Ничего, что указывало бы на то, что два месяца назад мы едва избежали смерти, и уж точно никакого упоминания о нашей эмоциональной стычке в ее машине, когда она просила оставить ее в покое, потому что я ее убивал.
Даже несмотря на то что она взяла свои слова обратно, я все еще даю ей пространство.
Ради нее и ради меня.
Я принимаю звонок, думая, что она звонит узнать о моем первом дне на работе.
– Алло?
Я улавливаю тихое сопение на другом конце линии.
– Чонгук?
– Лиса? – Сердце бешено колотится, а грудь разрывается от промелькнувшей в голове тысячи душераздирающих сценариев. – Ты в порядке?
– Я… Прости, что звоню тебе. Знаю, что сегодня у тебя первый рабочий день, и я просто собиралась оставить тебе голосовое сообщение, но… – Она пытается справиться с дыханием, но у нее вырываются тихие вхлипы. – Дело во Вьюге.
Я недоуменно моргаю, осмысливая ее слова. Вот черт.
– Вьюга? Что случилось?
– У нее был припадок или что-то в этом роде. Все серьезно, Чонгук. Мы не смогли сами ей помочь. Я сейчас в ветеринарной клинике и врачи говорят, что не могут привести ее в чувство. – Лиса начинает плакать, икая через слово. – Они сказали, что нам стоит рассмотреть вариант эвтаназии.
Черт. Этого не может быть. Я зажимаю переносицу, затем провожу пальцами по волосам, царапая кожу головы.
– Черт, Лалиса. Скажи мне, какая больница, я уже выезжаю.
– Ты уверен? Знаю, ты работаешь…
– Моя смена закончилась. Я хочу быть там.
Через наушник мой слух ласкает ее вздох облегчения.
– Мы в «Заботе».
– Буду через двадцать минут.
Я отключаю звонок и еду, по крайней мере, на десятку превышая разрешенную скорость. У меня голова идет кругом, отчего я, въехав на стоянку, паркуюсь как осел сразу на два места. Пробегаю через главный вход и нахожу Лису и ее родителей в комнате ожидания. При виде меня Лиса сразу встает, и мы тянемся друг к другу, как магниты, заключая друг друга в сочувственные объятия. Я улыбаюсь Манобанам через плечо Лисы. Дерек поглаживает жену по колену, а Бриджит сморкается в платок.

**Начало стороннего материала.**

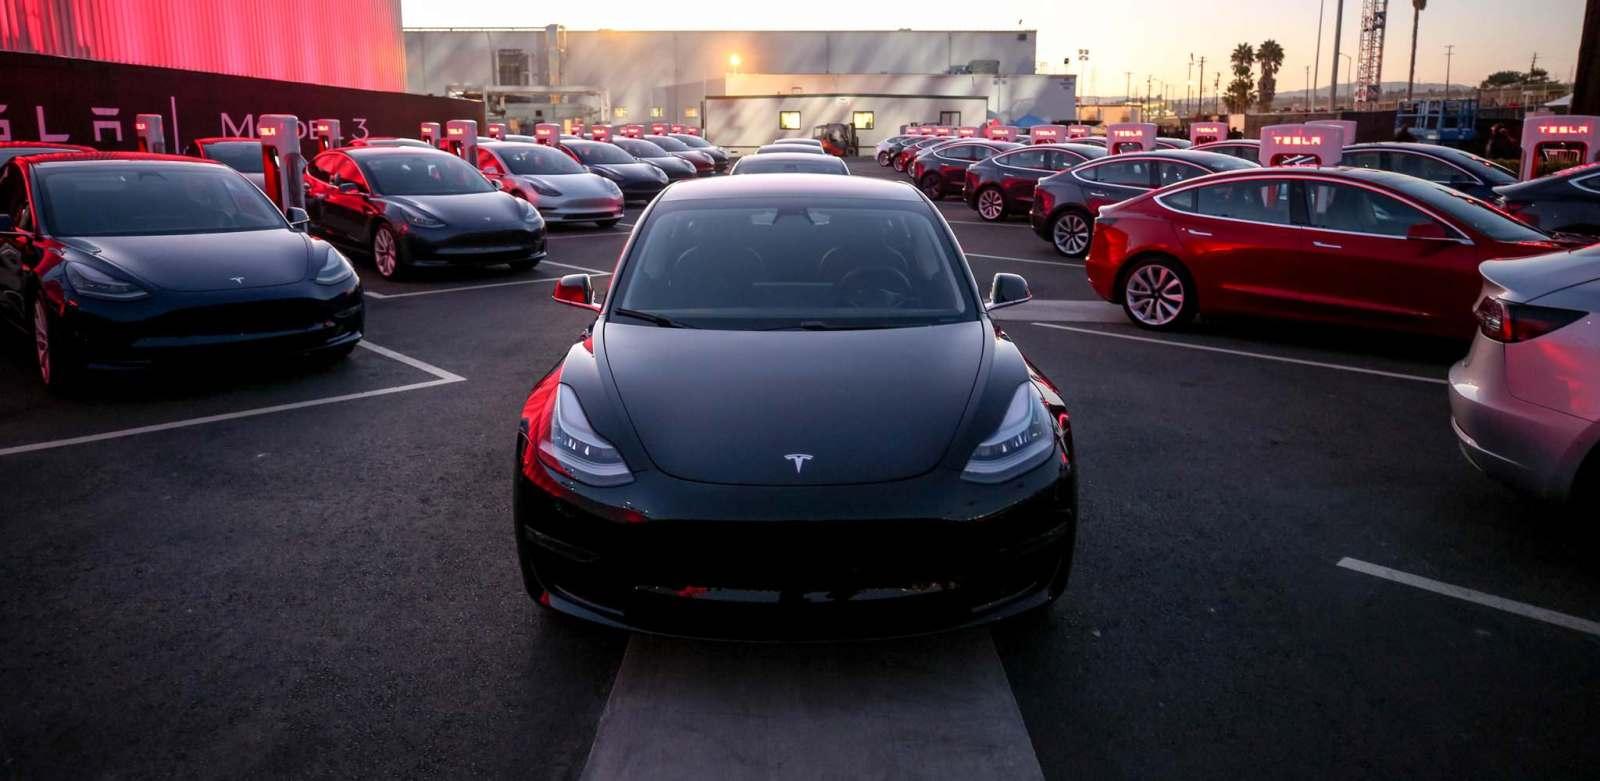 Tesla Bangun Stasiun Charger Terbesar di Dunia untuk Mobil Listrik ... Autos.id Tesla Bangun Stasiun Charger Terbesar di Dunia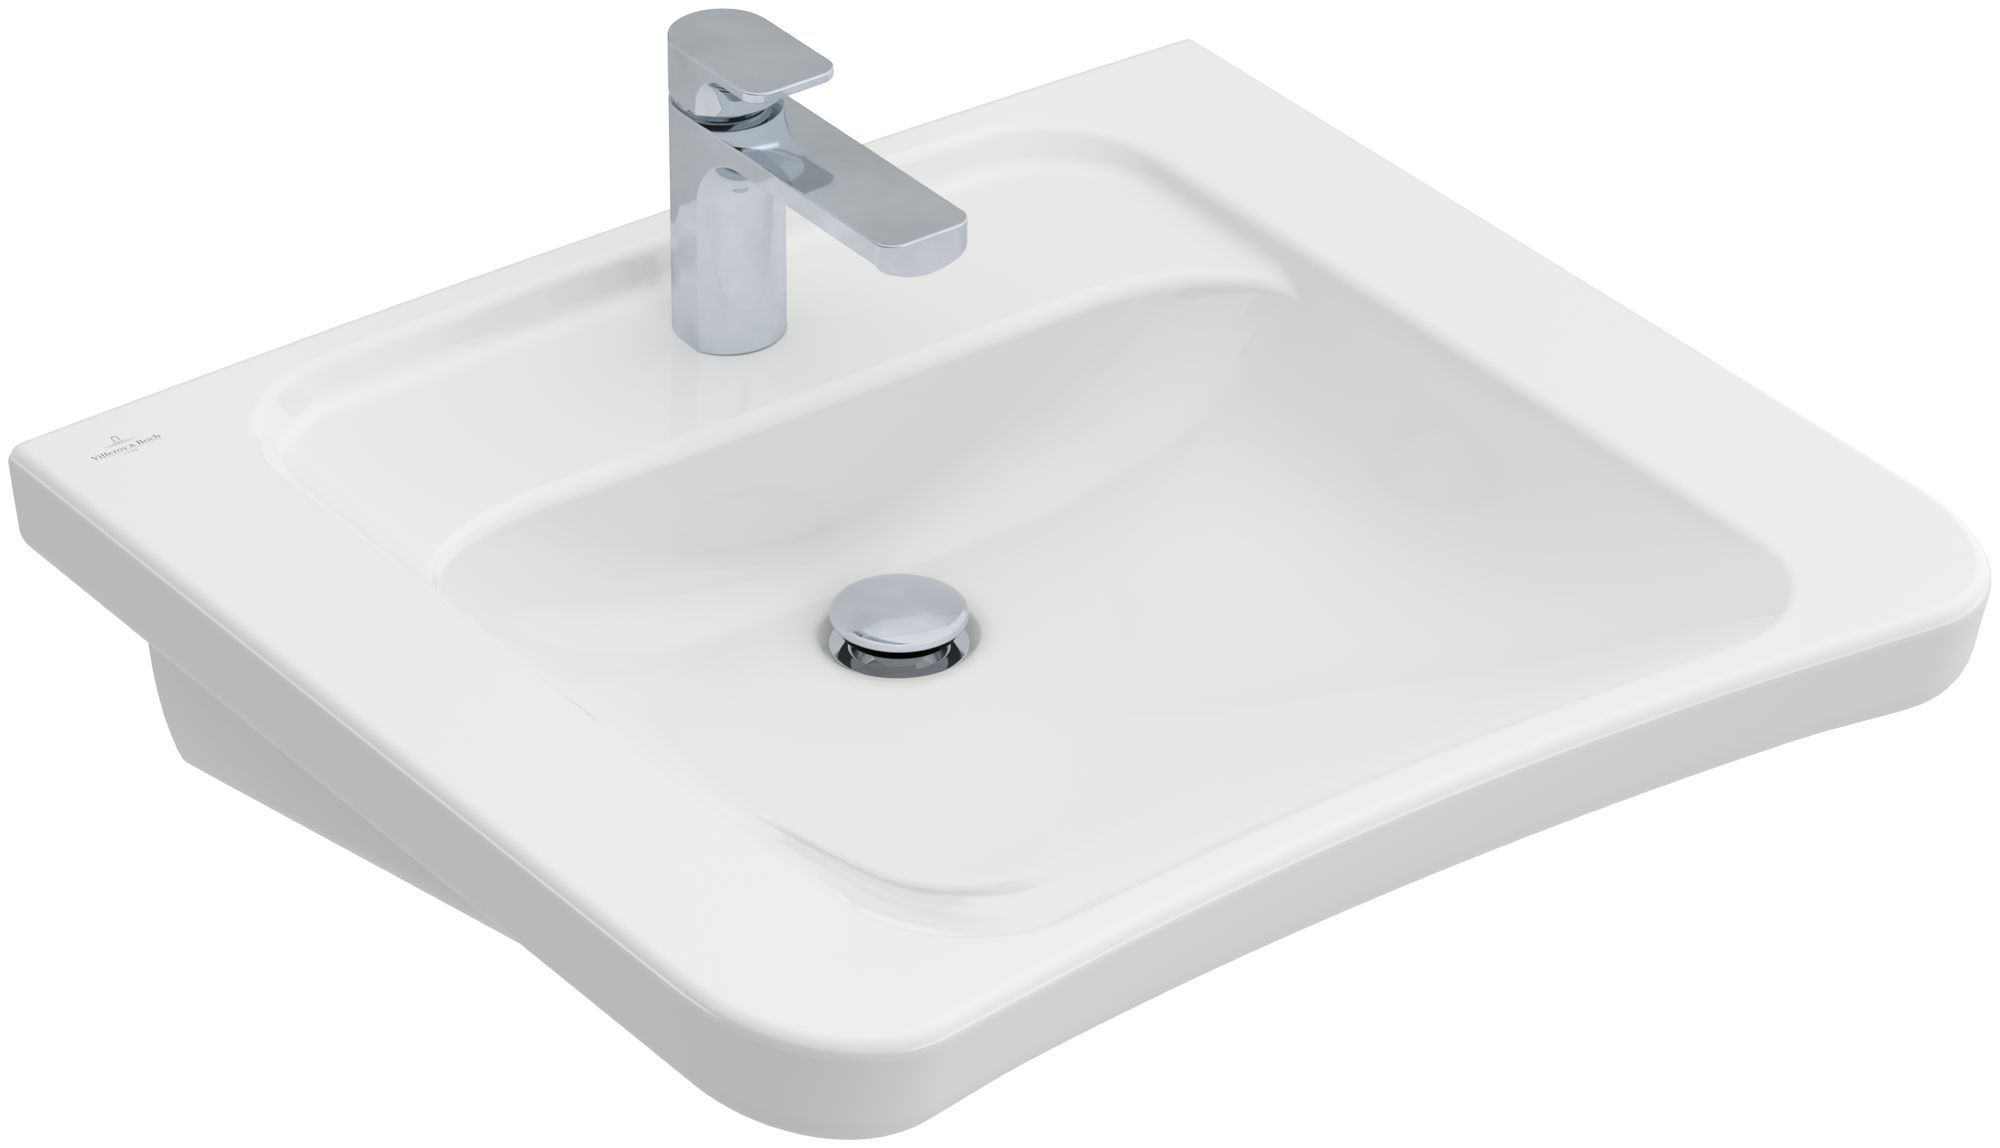 Villeroy & Boch Architectura Waschtisch B:60,5xT:55xH:21cm 1 Hahnloch ohne Überlauf unterfahrbar weiß mit Ceramicplus 517868R1

– Мне очень жаль, Лиса, – шепчу я ей на ухо, чувствуя, как в ответ она крепче сжимает мою талию. – Сколько у нас есть времени?
– Они ждут нас в… кабинете, – шмыгает носом Лиса, а затем отстраняется и поднимает на меня покрасневшие глаза. Она вытирает слезы с щеки. – Наëн на работе. Она сказала, что для нее будет слишком тяжело присутствовать. Мама и папа собираются подождать здесь, но… ты не хочешь пойти со мной? Чтобы попрощаться?
– Конечно.
Я не колеблюсь ни секунды с ответом. Мы вместе спасли эту собаку, и будь я проклят, если не останусь с Лисой, когда Вьюга испустит свой последний вздох.
Проклятье.
Лиса напряженно кивает, затем сообщает одному из сотрудников, что мы готовы войти. Я следую за ней, между нами воцаряется гробовое молчание. Это тихая, уютная комната, украшенная электронными свечами и негромкой музыкой. Вьюга неподвижно лежит на собачьей подстилке в центре помещения, ее пушистая грудь очень медленно вздымается при каждом вдохе. От переизбытка эмоций пережимает горло, пока я смотрю на собаку, ставшую мне за последние десять лет родной. Я нянчился с ней, когда Манобаны всей семьей уезжали в отпуск. Я с Наëн и Лисой водил ее в собачий парк, наблюдал, как она гоняет теннисные мячи и заводит новых друзей. Когда мы с Наëн входили в дом, Вьюга всегда приветствовала сначала меня. Падала в ноги и переворачивалась на спину, чтобы ей почесали животик.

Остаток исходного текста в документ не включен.